■ **TASK INSTRUCTIONS**
Output the data in full and exactly as presented.

■ **THE RECORDS**
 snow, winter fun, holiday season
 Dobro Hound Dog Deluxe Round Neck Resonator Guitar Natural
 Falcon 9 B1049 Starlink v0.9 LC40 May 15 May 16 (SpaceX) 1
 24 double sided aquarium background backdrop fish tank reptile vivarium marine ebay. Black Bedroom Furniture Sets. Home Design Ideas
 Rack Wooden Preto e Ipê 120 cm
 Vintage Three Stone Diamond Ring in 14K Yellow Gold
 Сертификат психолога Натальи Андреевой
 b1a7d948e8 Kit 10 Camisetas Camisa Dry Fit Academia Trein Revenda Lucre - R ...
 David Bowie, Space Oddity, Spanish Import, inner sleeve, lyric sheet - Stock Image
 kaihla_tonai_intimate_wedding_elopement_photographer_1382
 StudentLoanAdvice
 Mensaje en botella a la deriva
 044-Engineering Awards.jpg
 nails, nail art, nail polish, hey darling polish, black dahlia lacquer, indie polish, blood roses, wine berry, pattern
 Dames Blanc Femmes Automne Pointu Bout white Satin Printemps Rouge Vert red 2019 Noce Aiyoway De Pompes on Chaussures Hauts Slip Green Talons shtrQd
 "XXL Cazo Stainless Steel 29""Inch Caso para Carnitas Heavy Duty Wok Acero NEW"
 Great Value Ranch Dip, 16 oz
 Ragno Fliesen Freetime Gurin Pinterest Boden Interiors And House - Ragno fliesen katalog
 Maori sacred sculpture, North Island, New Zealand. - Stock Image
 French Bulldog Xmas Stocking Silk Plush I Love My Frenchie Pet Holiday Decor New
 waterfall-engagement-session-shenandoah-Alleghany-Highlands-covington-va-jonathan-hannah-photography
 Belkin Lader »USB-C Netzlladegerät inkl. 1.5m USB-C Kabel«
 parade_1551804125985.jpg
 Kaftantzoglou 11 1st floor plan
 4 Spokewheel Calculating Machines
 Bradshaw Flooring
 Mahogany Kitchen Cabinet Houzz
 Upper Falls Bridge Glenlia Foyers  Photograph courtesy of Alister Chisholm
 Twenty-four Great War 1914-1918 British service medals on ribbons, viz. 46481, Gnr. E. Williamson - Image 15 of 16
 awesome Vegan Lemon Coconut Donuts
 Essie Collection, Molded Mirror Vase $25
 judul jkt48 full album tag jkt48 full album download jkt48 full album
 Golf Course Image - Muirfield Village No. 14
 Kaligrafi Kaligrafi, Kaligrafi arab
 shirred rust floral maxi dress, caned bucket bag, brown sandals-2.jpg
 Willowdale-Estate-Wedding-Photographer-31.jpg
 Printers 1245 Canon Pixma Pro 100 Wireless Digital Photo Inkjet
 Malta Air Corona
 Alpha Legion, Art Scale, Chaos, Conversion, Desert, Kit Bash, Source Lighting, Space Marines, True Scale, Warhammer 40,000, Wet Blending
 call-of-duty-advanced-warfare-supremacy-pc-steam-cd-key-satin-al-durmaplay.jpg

■ **ANSWER TO THE PROBLEM**
 snow, winter fun, holiday season
 Dobro Hound Dog Deluxe Round Neck Resonator Guitar Natural
 Falcon 9 B1049 Starlink v0.9 LC40 May 15 May 16 (SpaceX) 1
 24 double sided aquarium background backdrop fish tank reptile vivarium marine ebay. Black Bedroom Furniture Sets. Home Design Ideas
 Rack Wooden Preto e Ipê 120 cm
 Vintage Three Stone Diamond Ring in 14K Yellow Gold
 Сертификат психолога Натальи Андреевой
 b1a7d948e8 Kit 10 Camisetas Camisa Dry Fit Academia Trein Revenda Lucre - R ...
 David Bowie, Space Oddity, Spanish Import, inner sleeve, lyric sheet - Stock Image
 kaihla_tonai_intimate_wedding_elopement_photographer_1382
 StudentLoanAdvice
 Mensaje en botella a la deriva
 044-Engineering Awards.jpg
 nails, nail art, nail polish, hey darling polish, black dahlia lacquer, indie polish, blood roses, wine berry, pattern
 Dames Blanc Femmes Automne Pointu Bout white Satin Printemps Rouge Vert red 2019 Noce Aiyoway De Pompes on Chaussures Hauts Slip Green Talons shtrQd
 "XXL Cazo Stainless Steel 29""Inch Caso para Carnitas Heavy Duty Wok Acero NEW"
 Great Value Ranch Dip, 16 oz
 Ragno Fliesen Freetime Gurin Pinterest Boden Interiors And House - Ragno fliesen katalog
 Maori sacred sculpture, North Island, New Zealand. - Stock Image
 French Bulldog Xmas Stocking Silk Plush I Love My Frenchie Pet Holiday Decor New
 waterfall-engagement-session-shenandoah-Alleghany-Highlands-covington-va-jonathan-hannah-photography
 Belkin Lader »USB-C Netzlladegerät inkl. 1.5m USB-C Kabel«
 parade_1551804125985.jpg
 Kaftantzoglou 11 1st floor plan
 4 Spokewheel Calculating Machines
 Bradshaw Flooring
 Mahogany Kitchen Cabinet Houzz
 Upper Falls Bridge Glenlia Foyers  Photograph courtesy of Alister Chisholm
 Twenty-four Great War 1914-1918 British service medals on ribbons, viz. 46481, Gnr. E. Williamson - Image 15 of 16
 awesome Vegan Lemon Coconut Donuts
 Essie Collection, Molded Mirror Vase $25
 judul jkt48 full album tag jkt48 full album download jkt48 full album
 Golf Course Image - Muirfield Village No. 14
 Kaligrafi Kaligrafi, Kaligrafi arab
 shirred rust floral maxi dress, caned bucket bag, brown sandals-2.jpg
 Willowdale-Estate-Wedding-Photographer-31.jpg
 Printers 1245 Canon Pixma Pro 100 Wireless Digital Photo Inkjet
 Malta Air Corona
 Alpha Legion, Art Scale, Chaos, Conversion, Desert, Kit Bash, Source Lighting, Space Marines, True Scale, Warhammer 40,000, Wet Blending
 call-of-duty-advanced-warfare-supremacy-pc-steam-cd-key-satin-al-durmaplay.jpg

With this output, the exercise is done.